No implicit NDA on the part of the supplier in its relation with a customer

The Board discusses an alleged implicit non-disclosure agreement (NDA) between a supplier (third party) and its customer (patentee). The Opposition Division (OD) had previously concluded that there was a NDA, but the Board overrules this decision. In their view, the supplier did not have any interest in secrecy and would not have known from the facts they were provided with that there was information worth protecting. Moreover, the details that were supposedly under the NDA had been developed by the supplier and therefore the supplier would be under no obligation to keep the developed knowledge secret. The Board concludes that there is no NDA and remits the case to the OD for further prosecution

The invention relates to a construction machine with a drivable chassis such as a road paver or feeder. In opposition, the opponent had brought forward arguments regarding lack of novelty because of the alleged public prior use (with witness evidence) of the machine before the filing date. The OD had decided that the event was to be was classified as “not public” because of an implicit non-disclosure agreement.

The situation is summarized by the Board as follows (translated to English):

“At the time, the firm Dynapac GmbH had contacted the firm ACE Stoßdämpfer GmbH and asked for an offer for a hydraulic shock absorber. An ACE sales representative then visited Dynapac's production facilities on 20.4.2011 and found that the product requested by Dynapac could not be used as intended on the road paver manufactured by Dynapac.

Therefore, under the conditions specified by Dynapac, ACE developed a feasible solution for a damping agent in the form of at least one structural damper, which was to be used to attach the push rollers to the road paver manufactured by Dynapac.

In this context, the ACE sales representative and the development engineer at Dynapac, who was entrusted with the development of the connection of the push roller to the paver, exchanged various e-mails documenting the development process.”

The dispute is about the role of the ACE sales employee. The proprietor (Dynapac) considered that he was under an implicit confidentiality obligation, whereas the appellant (opponent) was of the opinion that the ACE sales representative was part of the public.

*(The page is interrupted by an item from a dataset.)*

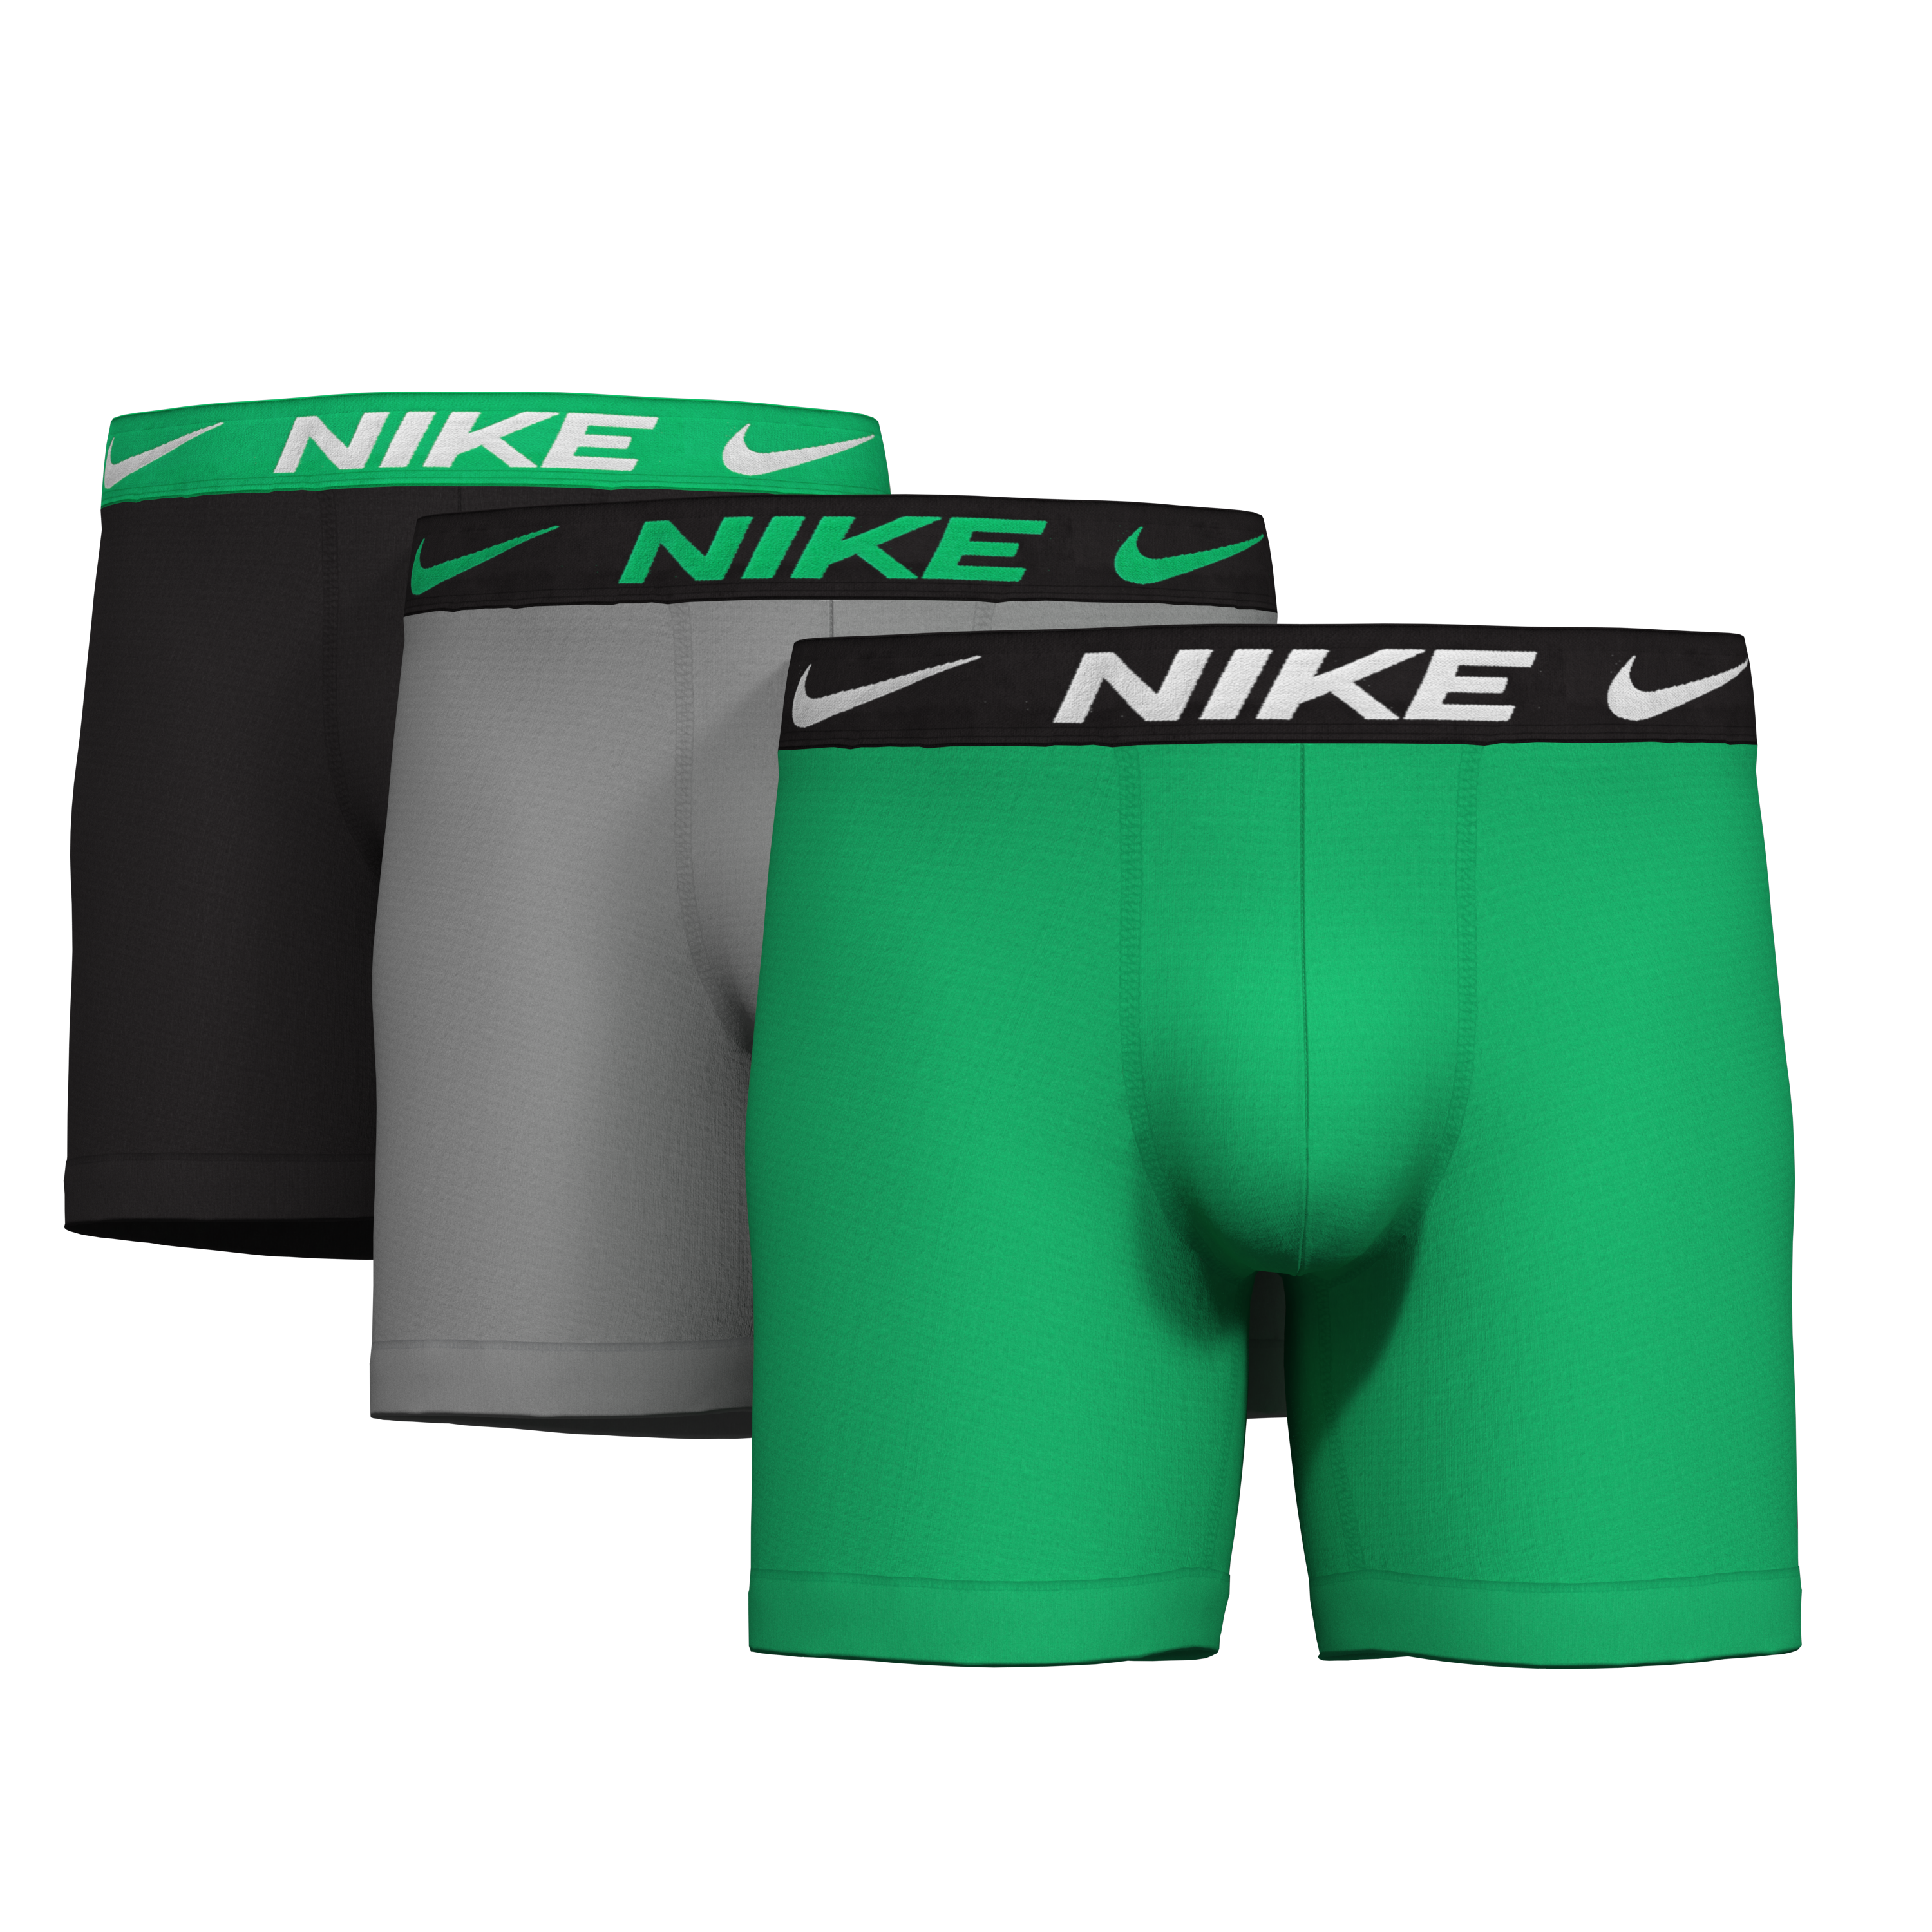 Men's Nike KE1214 Essential Micro Slim Fit Boxer - 3 Pack

The Board considers that in principle in industry there is a trust relationship between suppliers and their customers. Such implicit confidentiality prohibits the supplier from passing on trade secrets of the customer to any third party. However, in the present case, ACE did not know that the knowledge was worthy of protection.

Claim 1 of the main request reads as follows:

“Baumaschine, nämlich Straßenfertiger oder Beschicker, mit einem antreibbaren Fahrwerk (12), mindestens einem auf dem Fahrwerk (12) angeordneten Vorratsbehälter (14) für Straßenbaumaterial und mit in Arbeitsfahrtrichtung (13) gesehen vor dem Vorratsbehälter (14) angeordneten Schubrollen (18), denen Dämpfungsmittel (22) zugeordnet sind, dadurch gekennzeichnet, dass die Dämpfungsmittel (22) jeweils mehrere hintereinanderliegende Strukturdämpfer (27, 28) aus im Wesentlichen Elastomer aufweisen."

“Construction machine, in particular a road paver or feeder, having a driveable chassis (12), at least one storage tank (14) arranged on the chassis (12) for road construction material, and having push rollers (18) which, as seen in the working direction of travel (13), are arranged upstream of the storage tank (14) and to which damping means (22) are assigned, characterized in that the damping means (22) each have several successive structural dampers (27, 28) that are substantially  made of elastomer.” (translated)

Dynapac had presented the road paver they developed to ACE, and in particular the fastening of the push rollers of this road paver via damping means as one of their current development projects. Nevertheless, this method was already used by Dynapac in practice and therefore was already known to the public and not worth of protection.

Dynapac had sold damping means with hydraulic shock absorbers and the characterizing feature of this invention, that the structural dampers where substantially made of elastomer, was developed at ACE. Therefore according to the Board, ACE was not obliged to Dynapac to maintain secrecy about what they had learnt during their visits.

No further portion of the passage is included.